Seeing him sitting there, not eating, throwing his bread to some wild pigeons which followed the plough, she plucked up courage to speak; he was always kind to her, though he noticed her little.
“What is it that ails you all?” she asked. “Tell me, Adone, I am not a foolish thing to babble.”
He did not answer. What use were words? Deeds were wanted.
“Adone, tell me,” she said in a whisper; “what is this that seems to lie like a stone on you all? Tell me why Don Silverio has gone away. I will never tell again.”
There was a pathetic entreaty in the words which touched and roused him; there was in it the sympathy which would not criticise or doubt, and which is to the sore heart as balm and soothes it by its very lack of reason.

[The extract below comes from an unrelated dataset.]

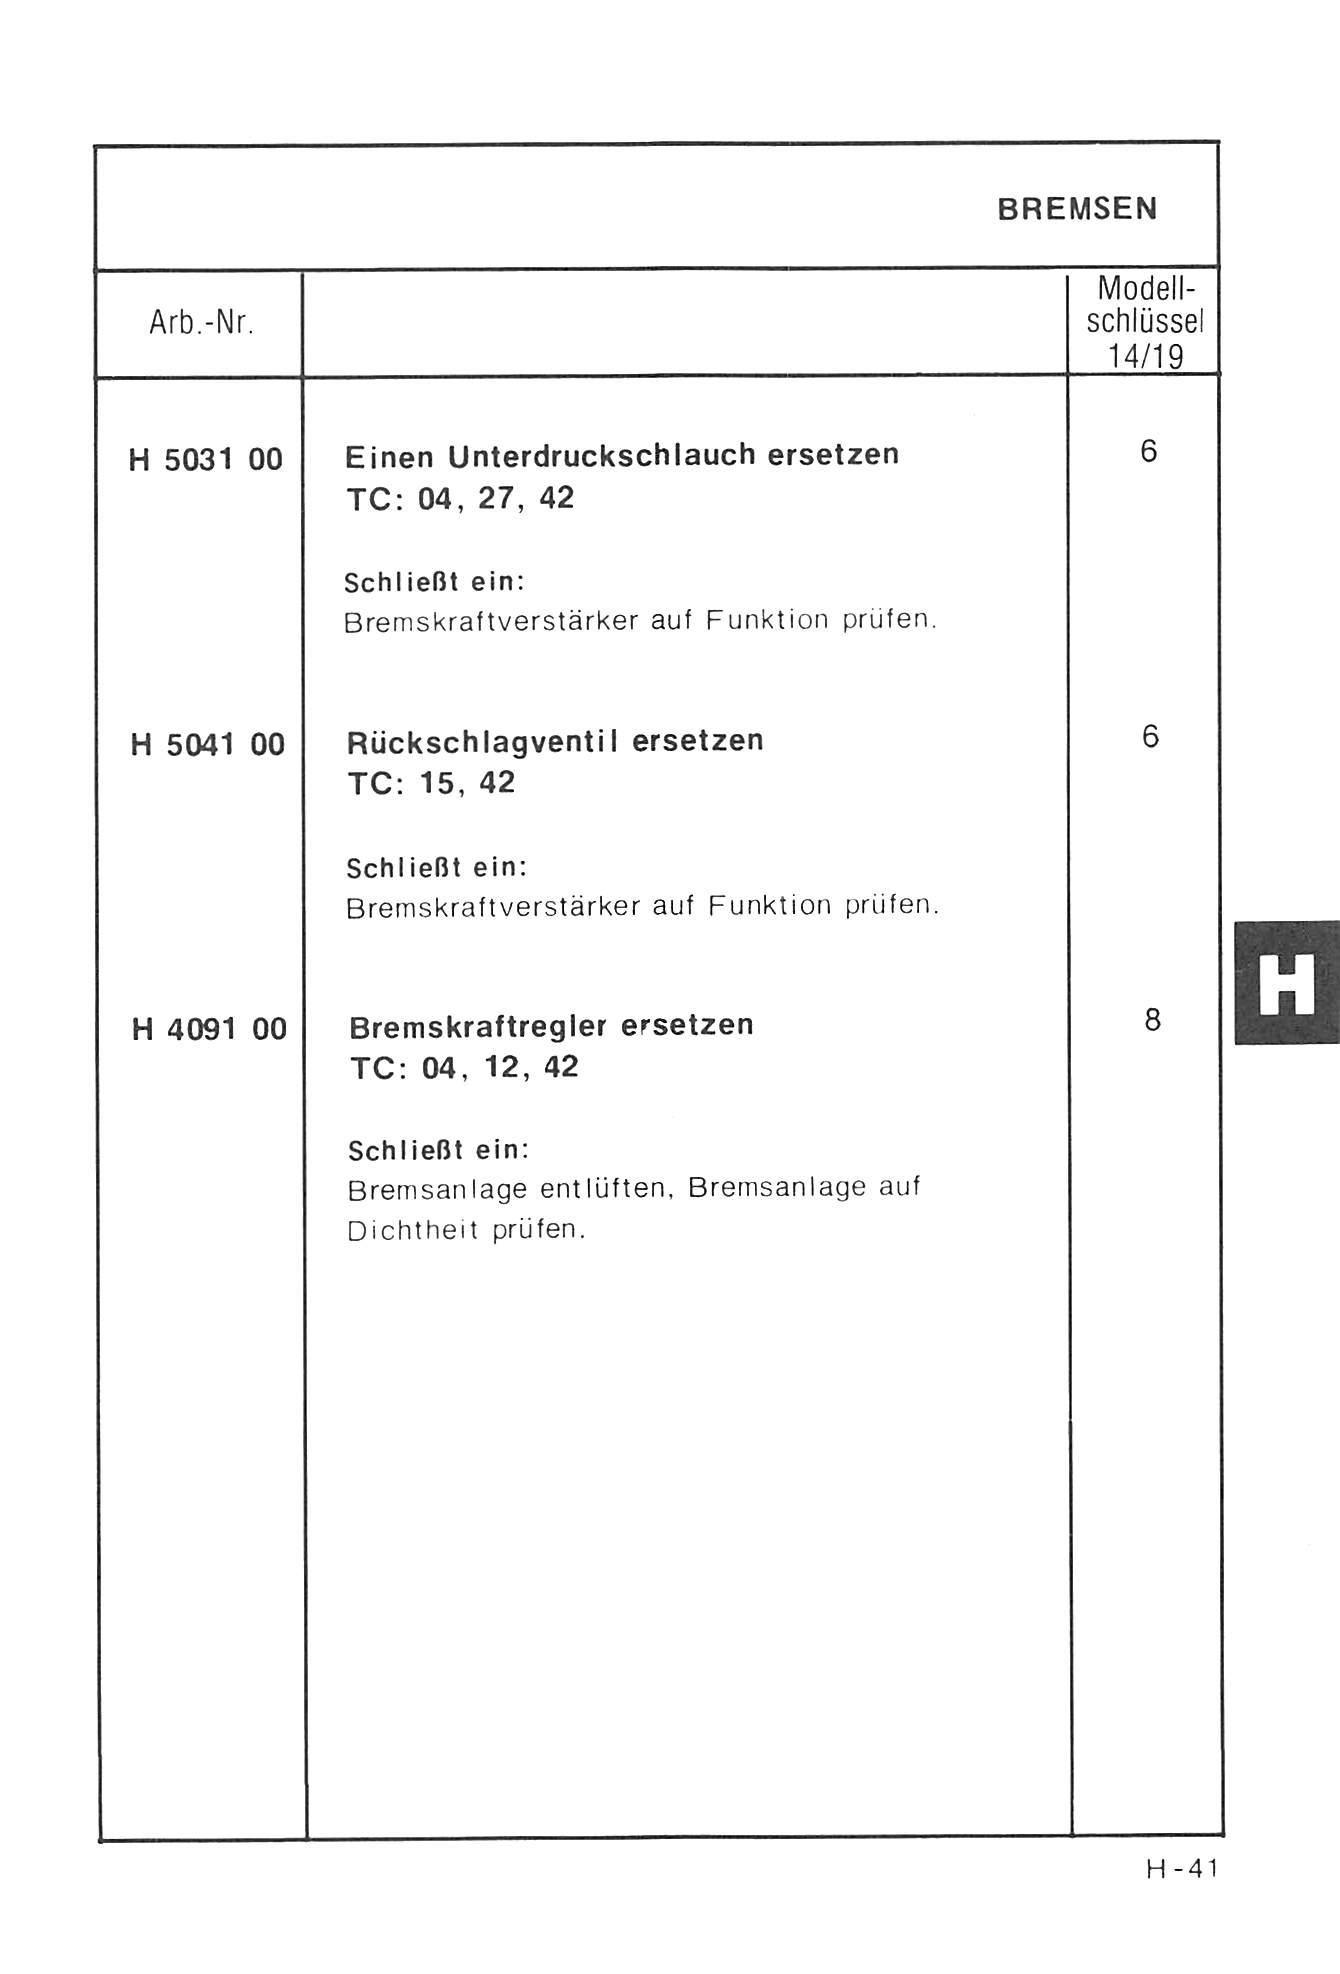 Fantastisch Ersetzen Eines Dreiwegschalters Ideen - Schaltplan Serie ...
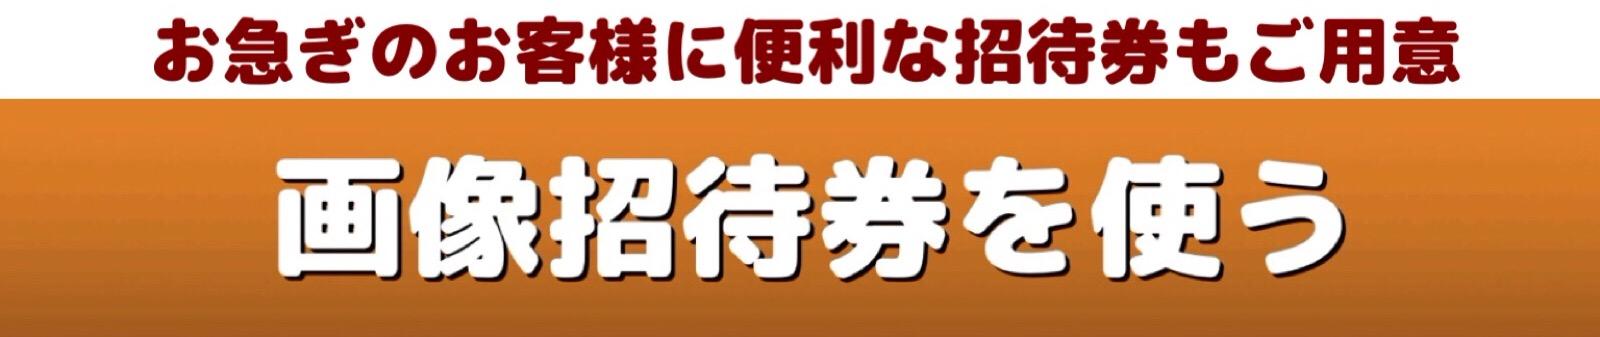 ソメイユ横浜ショールーム特別招待券

He told her; told her the little that he knew, the much that he feared; he spent all the force of his emotion in the narrative.
The child leaned against the great form of the ox and listened, not interrupting by a word or cry.
She did not rebuke him as Don Silverio had done, or reproach him as did his mother; she only listened with a world of comprehension in her eyes more eloquent than speech, not attempting to arrest the fury of imprecation or the prophecies of vengeance which poured from his lips. Hers was that undoubting, undivided, implicit faith which is so dear to the wounded pride and impotent strength of a man in trouble who is conscious that what he longs to do would not be approved by law or sanctioned by religion. That faith spoke in her eyes, in her absorbed attention, in the few breathless sentences which escaped her; there was also on her youthful face a set, stern anger akin to his own.
“Could we not slay these men?” she said in a low, firm voice; she came of a mountain race by whom life was esteemed little and revenge honour.
“We must not even say such a thing,” said Adone bitterly, in whose ears the rebuke of Don Silverio still rang. “In these days everything is denied us, even speech. If we take our rights we are caged in their prisons.”
“But what will you do, then?”
“For the moment I wait to learn more. These things are done in the dark, or at least in no light that we can see. To kill these men as you wish, little one, would do nothing. Others of their kind would fill their places. The seekers of gold are like ants. Slay thousands, tens of thousands come on; if once the scent of gain be on the wind it brings men in crowds from all parts, as the smell of carrion brings meat-flies. If they think of seizing the Edera it is because men of business will turn it into gold. The Edera gives us our grain, our fruits, our health, our life; but if it will give money to the foreigner, the foreigner will take it as he would take the stars and coin them if he could. The brigand of the hills is caged or shot; the brigand of the banks is allowed to fatten and die in the odour of success. There are two measures.”